Klimawandel bedroht den Aachener Wald
Trotz dieser erfreulichen Aussichten gerät die Waldwirtschaft mehr und mehr in unruhiges Fahrwasser. Die größte Bedrohung für den Aachener Wald sieht Dr. Gerd Krämer, Leiter des städtischen Gemeindeforstamtes, im Klimawandel. „Steigende Temperaturen, eine geänderte Niederschlagsverteilung und die Zunahme von Extremwetterereignissen machen dem Wald sichtbar zu schaffen. Dies gilt je nach Standort auch für die Baumart Buche, die lange Zeit die Hoffnungsträgerin der hiesigen Forstwirtschaft war", sagt Krämer. Er setzt langfristig – und blickt dabei über die nächsten 100 Jahre hinaus – auf eine Vielfalt von überwiegend heimischen Baumarten sowie eine „dauerwaldartige Bewirtschaftung".
In einem Dauerwald gibt es Bäume mit unterschiedlichen Höhen und unterschiedlichen Durchmessern auf ein und derselben Fläche. Hier werden (vorwiegend) die starken Bäume gefällt. In der Lücke, die der Baum hinterlässt, verjüngt sich die Natur. Der Wald befindet sich also in einer Art Fließgleichgewicht, weil junge, mittelalte und alte Bäume auf der Fläche stehen.
In Bezug auf den Klimawandel ist er davon überzeugt, dass zur Reduzierung der Treibhausgase mehr Holz als Baustoff eingesetzt werden soll.

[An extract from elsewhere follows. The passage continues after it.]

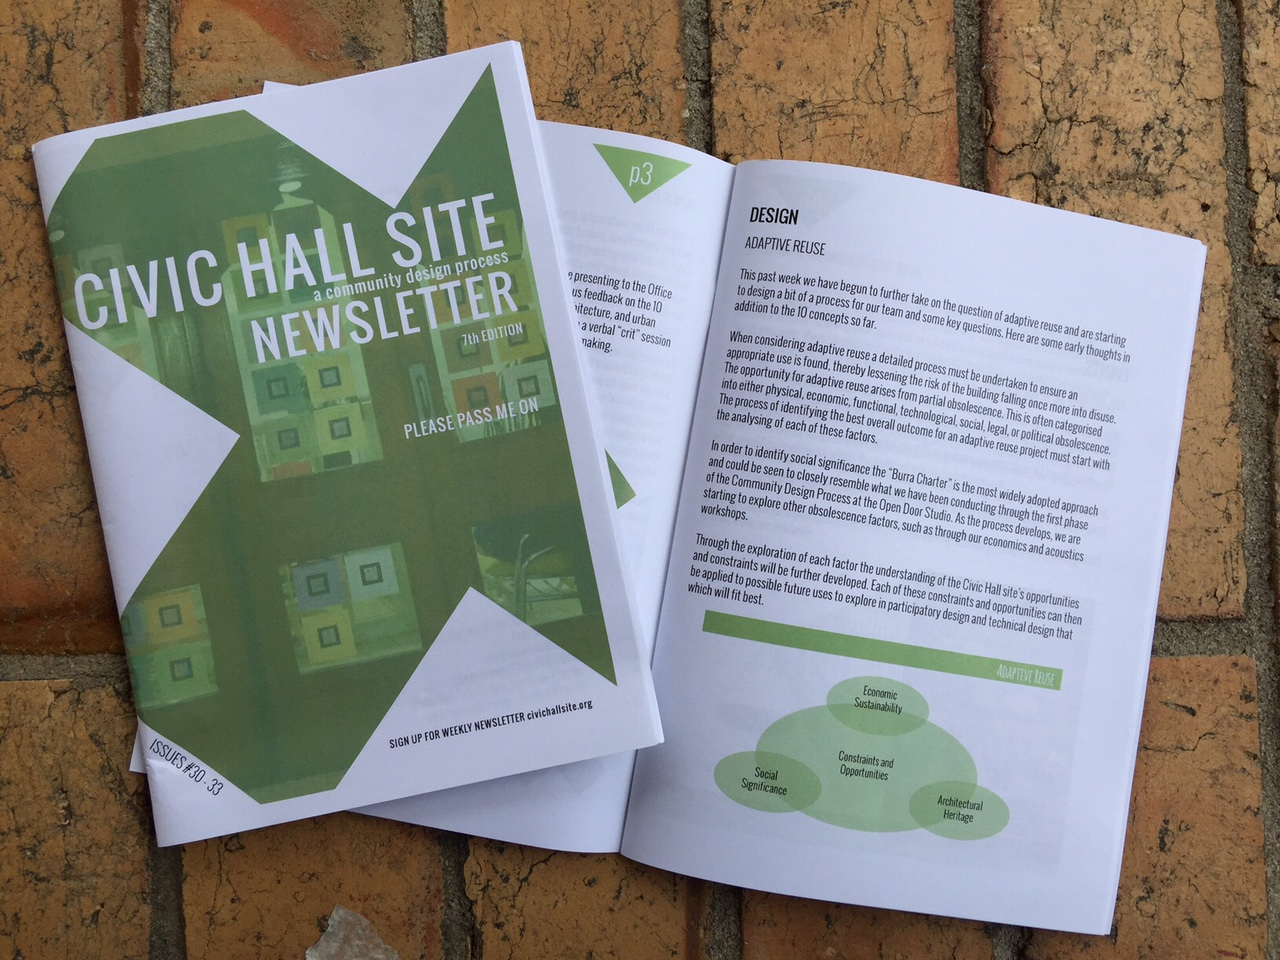 CivicHallSite_newsletter_7.jpg

Holz aus nachhaltiger, regionaler Waldwirtschaft wird im Vergleich zu Stahl oder Kunststoff äußerst kohlendioxid(CO2)-arm produziert, so dass Treibhausgase gar nicht erst in die Erdatmosphäre gelangen. Der so genannte Substitutions- oder Vermeidungseffekt übertrifft den CO2-Speichereffekt von Bäumen und Waldböden. Renommierte Forschungsanstalten wie beispielsweise das Max-Planck-Institut oder das Thünen-Institut sehen in Sachen CO2-Bilanz nachhaltig genutzte Wälder gegenüber stillgelegten Wäldern im Vorteil.

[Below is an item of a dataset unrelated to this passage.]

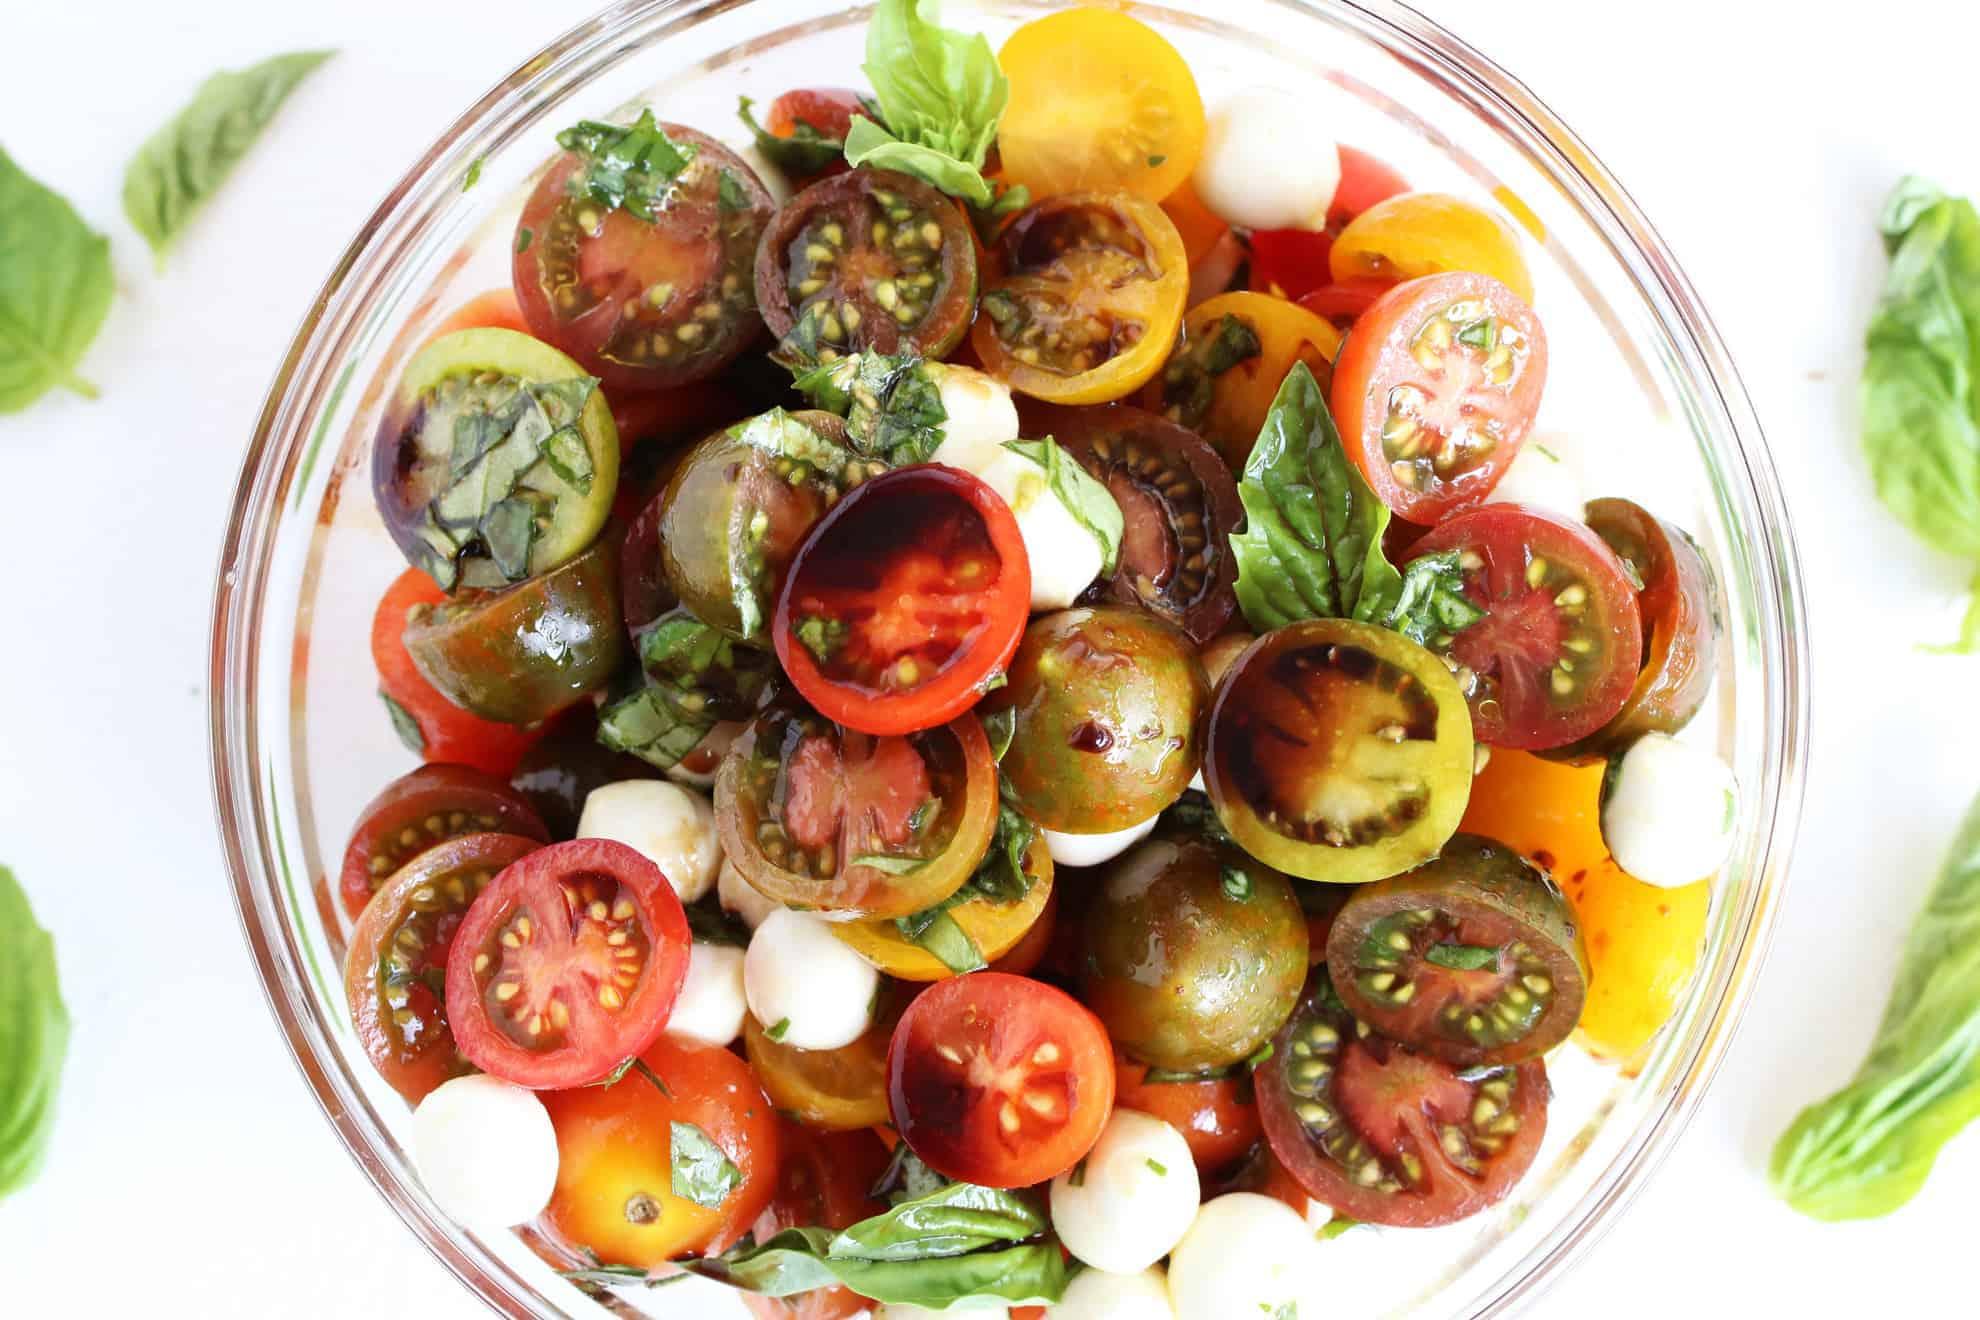 Mini Heirloom Caprese Salad

Aachener Wald wird bunter, strukturreicher und älter
Die naturgemäße und FSC-konforme Waldbewirtschaftung zeigt Wirkung. Der Aachener Wald wird bunter, strukturreicher und älter. Dies belegen auch die regelmäßig durchgeführten Waldinventuren. „Die augenscheinliche Unordnung mag vielleicht nicht jedem Waldbesucher gefallen, die Tierwelt zeigt sich jedoch dankbar", sagt Krämer. Mittlerweile seien Biber und Wildkatzen in die Wälder
zurückgekehrt und es würden wieder vermehrt Kolkraben beobachtet. Selbst der scheue Schwarzstorch zog in den Aachener Wäldern schon seine Jungvögel auf. Ein Zeichen dafür, dass es nicht nur auf dem Papier eines Auditberichts gut läuft. Ökologie, Ökonomie und Erholungsnutzung im Aachener Wald schließen sich offenkundig nicht aus. Forstamtsleiter Krämer fragt sich: „Wäre dieses Konsensmodell nicht auch ein Ansatz für andere Wirtschaftszweige?"